I’d like to write a post about the things I’m grateful for, because I’ve been listing them up in my head recently when I find myself reacting automatically negatively.
However, I have only five minutes, and a lab-book style update I want to get down, so I will be grateful tomorrow. Which is a pretty accurate summation of my mental state, really.
I had a consult with the anesthesiologist at the hospital where I will deliver this morning. It was annoyingly slow, but informative (scheduling appointments at 7:30 am when the doctor does not arrive until 9 am never makes sense to me, but this is so routine in hospital departments).
The upshot is:
If I’ve been off the blood thinner for at least 12 hours, ideally 24, then I have whatever options I wish available to me for labour (natural, epidural, c-section, whatever). This is the plan with induction at 39 weeks, and could work out with natural labour starting earlier than 39 weeks depending on the timing of my most recent dose of thinner.

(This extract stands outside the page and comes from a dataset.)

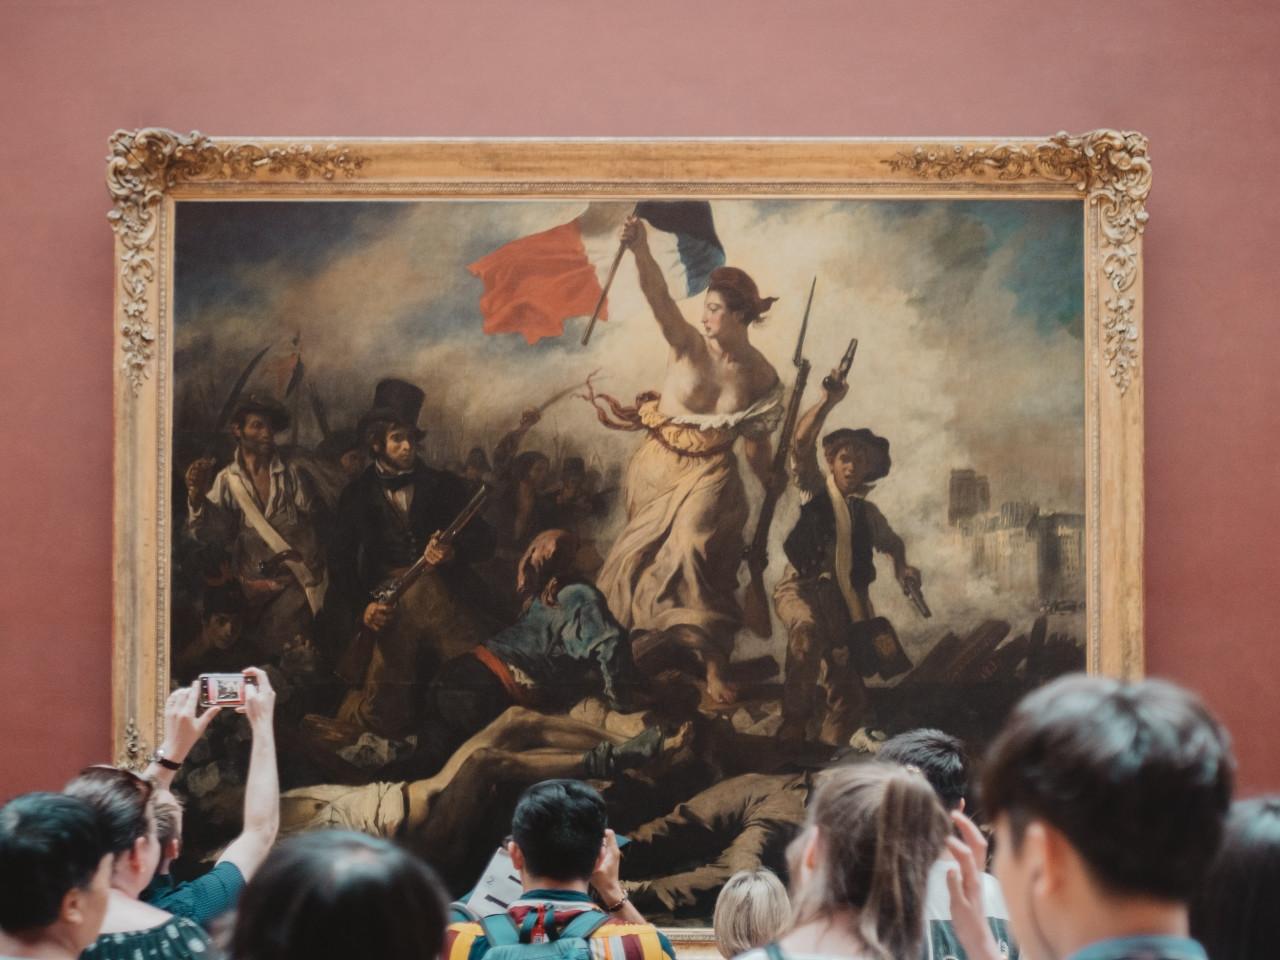 Le opere da vedere assolutamente al Louvre: cosa non perdere al Louvre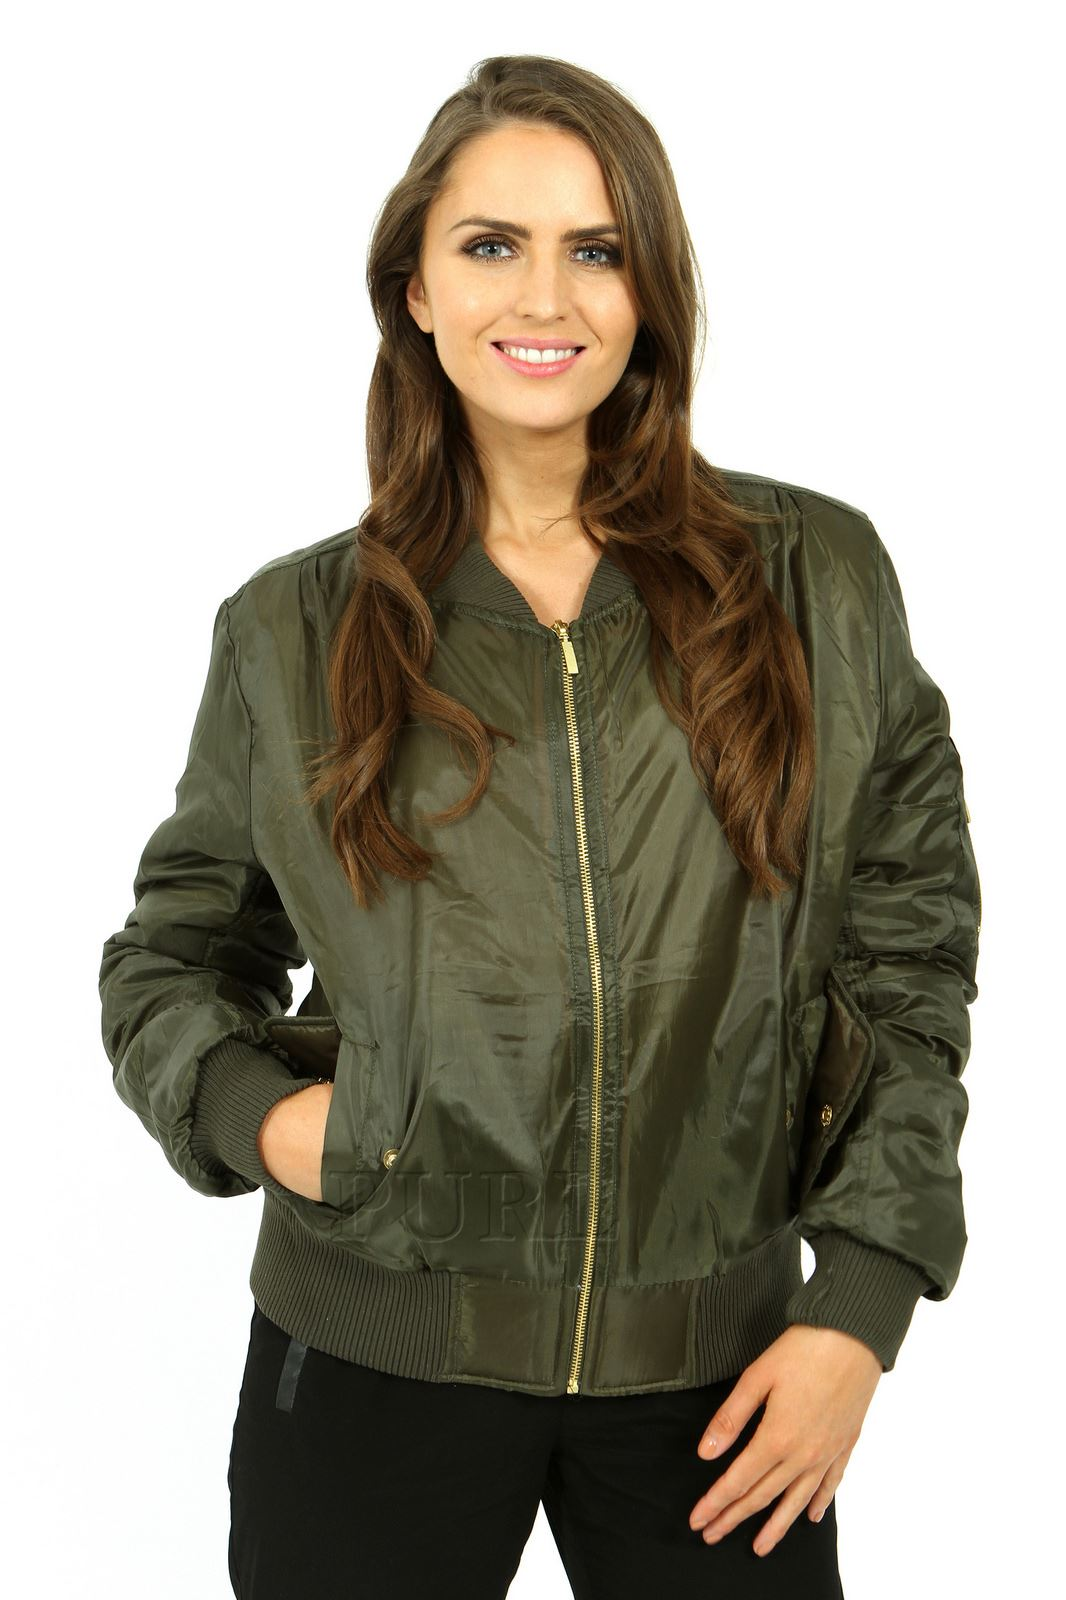 Leather jacket uk womens - Ladies Womens Girls Ma1 Padded Stylish Zip Up Bomber Jacket Badges Black S Uk 8

If I have not been off the blood thinner for 12 hours, and/or my blood is not clotting sufficiently yet, then anything that involves puncturing my spinal column is off the table – epidural, and conscious c-section. If a c-section became necessary, I’d be put under general anesthetic.
I am annoyed, and a bit disgruntled. I’d love to be allowed to just wait and see when Spud initiates labour, and avoid an induction. I’m hoping to avoid an epidural or a c-section, but am open to them if they become necessary. I’d be so sad if I had to be put under for the c-section though. This may well be my only birth experience, I’d so much love to be conscious for it. I have no control over this, and thus will take the next few weeks to find some acceptance of these options so I’m not bitterly disappointed if they happen. I have been told to skip my evening dose of thinner if I’ve had an evening or afternoon of feeling weird or crampy – to see how I feel in the morning.
Best case scenario, Spud decides to initiate labour just pre-induction, when I’m already off the thinner. Best worst case scenario is that labour takes so long that by the time I require intervention, I’ve cleared the thinner regardless (and at that point, I might well want the epidural to offer some respite). Worst case scenario, obviously, is any form of emergency c-section, but especially one where I have to be out cold for it.
Only time will tell, but at least I know what to expect now. 36 weeks tomorrow, so not even that much time!